Issue 1: False Positives

Symptom: Alerts for orders that were actually ingested

Investigation:

-- Check if order exists
SELECT * FROM raw_ops.orders 
WHERE shopify_order_id = '6234567890123';

-- Check ops_events timing
SELECT * FROM raw_ops.ops_events
WHERE meta->>'shopify_order_id' = '6234567890123'
ORDER BY created_at DESC;

Common Causes: - Clock skew between Shopify and Supabase - Order ingestion delayed but eventually succeeded - Duplicate webhook events

Resolution: - Review timing to confirm if it was a genuine SLO breach - If frequent false positives, consider adjusting threshold

Issue 2: Monitor Not Running

Symptom: No alerts even when orders are delayed

Investigation:

-- Check job status
SELECT jobname, schedule, active 
FROM cron.job 
WHERE jobname = 'monitor-order-ingestion-slo';

-- Check recent runs
SELECT * FROM raw_ops.monitoring_runs
WHERE check_name = 'order_ingestion_slo'
ORDER BY run_at DESC LIMIT 5;

-- Check cron execution
SELECT * FROM cron.job_run_details
WHERE jobid = (SELECT jobid FROM cron.job WHERE jobname = 'monitor-order-ingestion-slo')
ORDER BY start_time DESC LIMIT 5;

Common Causes: - pg_cron job disabled - Edge Function not deployed - Database function error

Resolution: - Enable job: UPDATE cron.job SET active = true WHERE jobname = 'monitor-order-ingestion-slo'; - Redeploy Edge Functions - Check function exists: \df raw_ops.fn_check_order_ingestion_slo_v2

Issue 3: Alerts Not Sending

Symptom: Violations detected but no Slack message

Investigation:

-- Check if alerts are being triggered
SELECT * FROM raw_ops.monitoring_runs
WHERE check_name = 'order_ingestion_slo'
  AND alert_triggered = true
ORDER BY run_at DESC LIMIT 5;

Common Causes: - ops-alerter Edge Function issue - Slack webhook URL invalid - Alert payload format error

Resolution: - Check Edge Function logs in Supabase Dashboard - Verify Slack webhook URL in environment variables - Test ops-alerter directly with manual payload


Response Runbook

When Alert Received

  1. Acknowledge alert in Slack (react with 👀)
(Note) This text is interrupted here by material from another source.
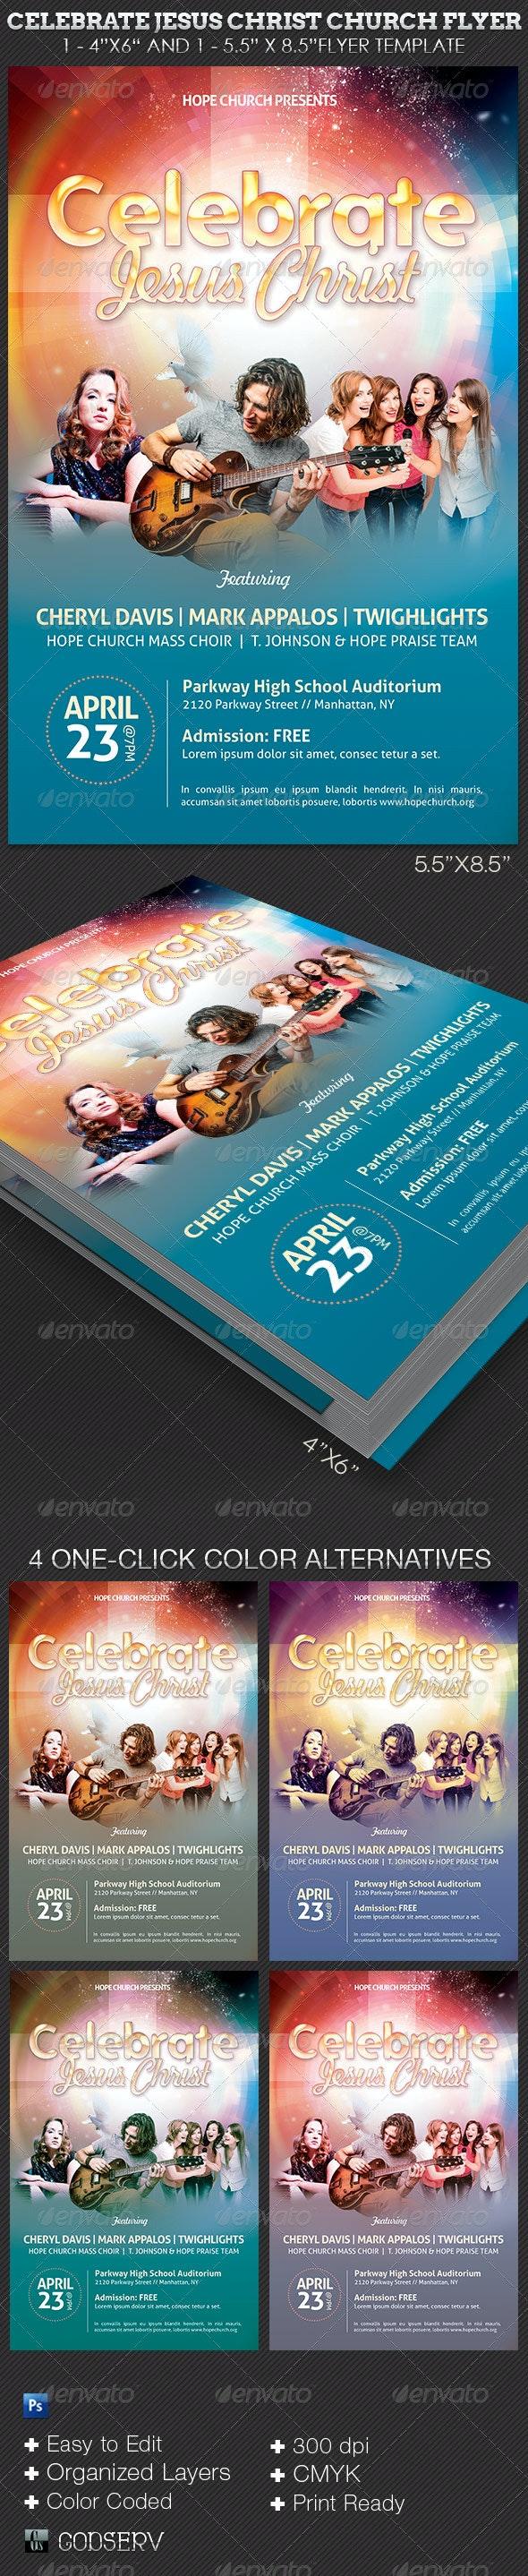 Celebrate Jesus Christ Concert Flyer Template - Church Flyers

  2. Check current status:

    SELECT * FROM raw_ops.check_order_ingestion_slo();
    

  3. If violations still exist:

  4. Check SOP 00 webhook processing
  5. Check Shopify webhook delivery status
  6. Check Edge Function logs

  7. If violations resolved:

  8. Confirm orders now in database
  9. Note resolution time

  10. For PAGE severity:

  11. Immediate investigation required
  12. Consider pausing marketing if systemic issue
  13. Escalate to technical lead

Emergency Manual Ingestion

If webhook processing is down, manually ingest critical orders:

-- ⚠️ Warning: Only for critical recovery
INSERT INTO raw_ops.orders (
  shopify_order_id,
  customer_id,
  status,
  total_price_gbp,
  created_at
)
SELECT 
  (meta->>'shopify_order_id')::bigint,
  -- ... other fields
FROM raw_ops.ops_events
WHERE meta->>'shopify_order_id' = '6234567890123';

Configuration

Parameter Value
Schedule Every 2 minutes (*/2 * * * *)
Lookback Window 20 minutes
WARN Threshold 5 minutes
PAGE Threshold 15 minutes
WARN Channel #ops-alerts
PAGE Channel #ops-urgent

Success Metrics

Metric Target
False positive rate <5%
Detection latency <2 min after threshold breach
Alert delivery 100% of violations result in Slack message
Monitor uptime 99.9%

Version History

v2.0 (2026-01-17) - Native Supabase Monitoring ✅

Major Changes: - Migrated from Make.com to native Supabase monitoring - New wrapper function fn_check_order_ingestion_slo_v2() - pg_cron scheduled job monitor-order-ingestion-slo - Integration with SOP-MON-01 monitoring architecture - All runs logged to raw_ops.monitoring_runs - Dual-channel alerting (WARN → #ops-alerts, PAGE → #ops-urgent)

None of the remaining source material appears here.